The following year, Chian glory-seeker Antonios Bournias convinced Lykourgos Logothetis, the chief of neighboring island Samos, to lead a second ill-conceived attempt to liberate Chios. Samian insurgents roused locals from the countryside and attacked the castle and Muslim establishments. When news of the raid reached Constantinople, the sultan ordered Admiral Kara-Ali and his forces to lay waste to “ungrateful” Chios, killing all infants, women over 40 and men over 12 unless they converted to Islam. The hostages in the castle were hanged from trees in Vounaki Square, the central square of Chios town, where last September, runners lit the torch that would be carried around the island. Those trees still stand today, and after learning of the executions, it felt unsettling to see them decked in holiday lights.
At the edge of Vounaki Square stands the monument of the hanged, a marble obelisk engraved with a sphinx, the symbol of the city, and the names of the metropolitan, archdeacon and 56 island leaders who were executed within an hour and a half. They were Chios’s most influential citizens. I’d learned about many of those families—Argenti, Mavrocordato, Ralli, Schilizzi—from researching the neighborhood of Kampos, where country estates still bear their names. The memorial, erected at the expense of Alexandra Philip Argenti, a descendant of the Schilizzi and Ralli families who married Philip Argenti, commemorates the “noble Chians” who were “killed for their faith and their fatherland.” When I spoke with Kampos residents, several proudly referred me to the monument, evidence of their families’ long history on the island.

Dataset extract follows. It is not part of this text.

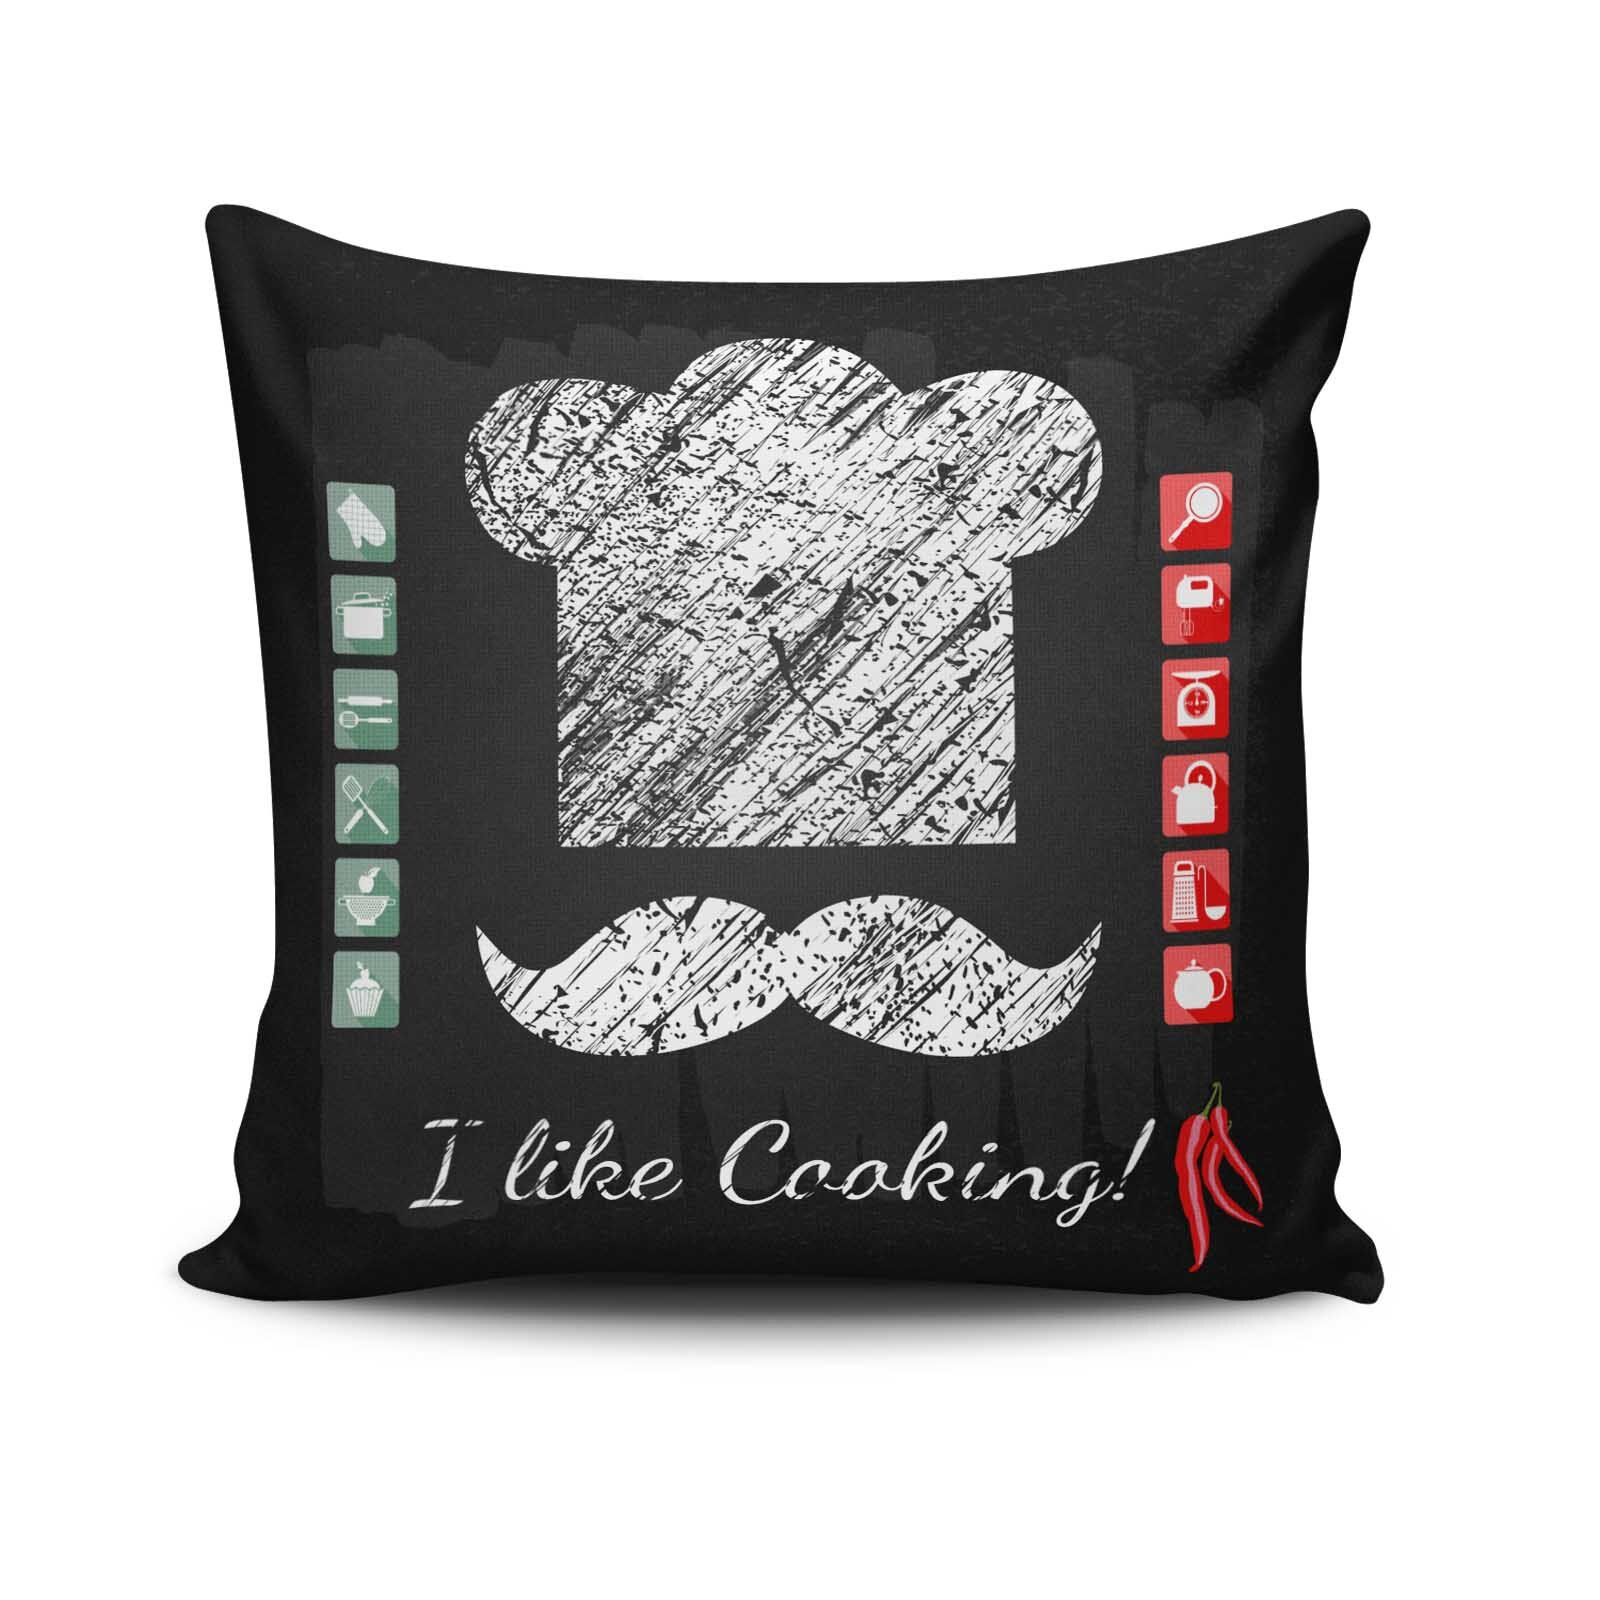 Perna decorativa Cushion Love, Dimensiune: 45 x 45 cm, Material exterior: 50% bumbac / 50% poliester 768CLV0205

The massacre began on March 30, 1822, the Thursday of Holy Week, just days before Easter Sunday. Ottoman ships fired on the town, reducing it to rubble. Chians fled to the countryside, hiding in caves, basements and tombs while the weak and elderly were slaughtered in their homes. Richard Calvocoressi, the descendant of a prominent Kampos family, wrote in The New Statesman that the bloodbath was “essentially a holy war.” His three-times-great-grandfather Ioannis Kalvokoresis “had his fingers chopped off one by one for refusing to hand over gold to his captors and for resisting conversion to Islam.” Ioannis’s “90-year-old mother, her arms outstretched in the form of a cross, was walled up alive for refusing to renounce her faith.”

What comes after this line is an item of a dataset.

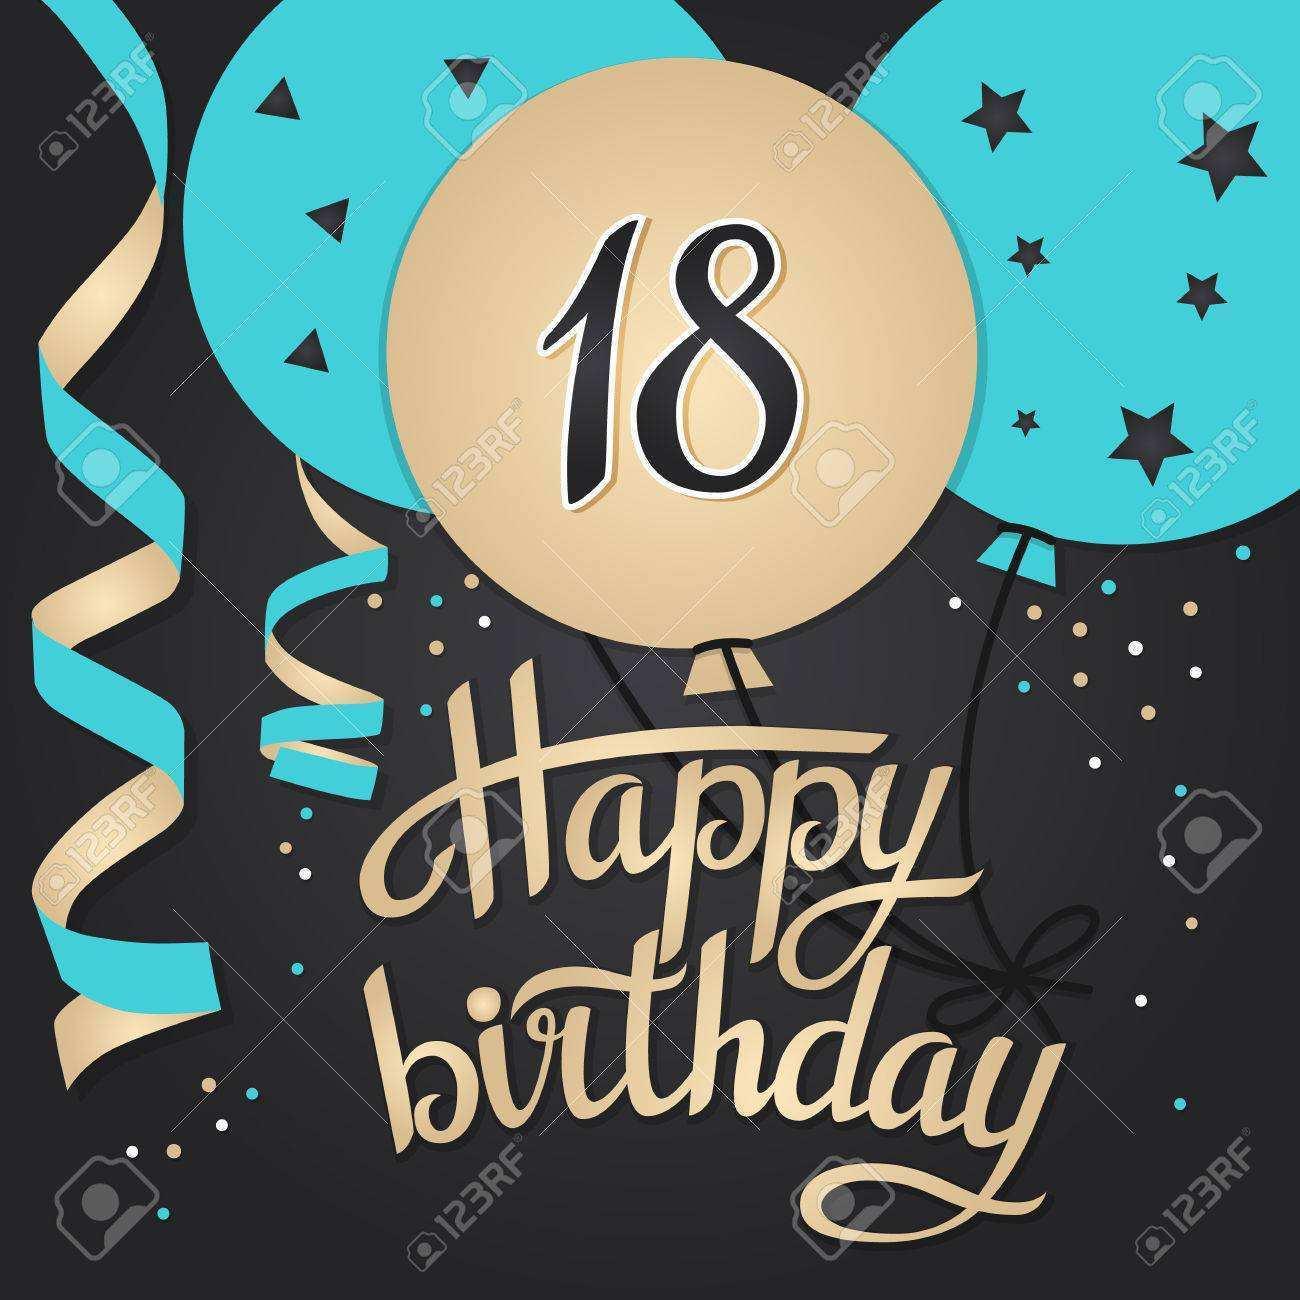 86 Free Printable 18Th Birthday Card Template PSD File with 18Th Birthday Card Template

Brutality raged across the island. Troops brought severed heads and ears to the Ottoman governor, seeking rewards for their effectiveness. Escaping ravaged villages, 3,000 women and children sought refuge in the monastery of Agios Minas, not far from Kampos, while others went to Nea Moni, the 11th-century monastery now recognized as a UNESCO World Heritage site.
The high walls of Agios Minas offered a measure of protection, but on Easter Sunday, Turkish forces surrounded the monastery, blasting its walls with cannons. After six hours, they breached the structure, killing all in their path. They set fire to the temple, slaughtering those barricaded within, and threw burning mattresses down into the cistern, where the last survivors hid. Nea Moni fared no better: the monastery was pillaged and hundreds of monks were murdered.
Today, both monasteries display victims’ bones neatly stacked in glass cabinets. It was a chilling sight, shelves of hollow-eyed skulls staring back at me through the glass. Each represented a life cut short, testifying to the horror of those days. It reminded me of memorial sites to other mass atrocities, like the Killing Fields in Cambodia, where human remains help visitors appreciate the scale of violence inflicted upon the civilian population. In the reconstructed temple of Agios Minas, one can also see brown and reddish discolorations on the original marble floor, which, as a framed sign informed me, is “from the burnt flesh and blood of the faithful.”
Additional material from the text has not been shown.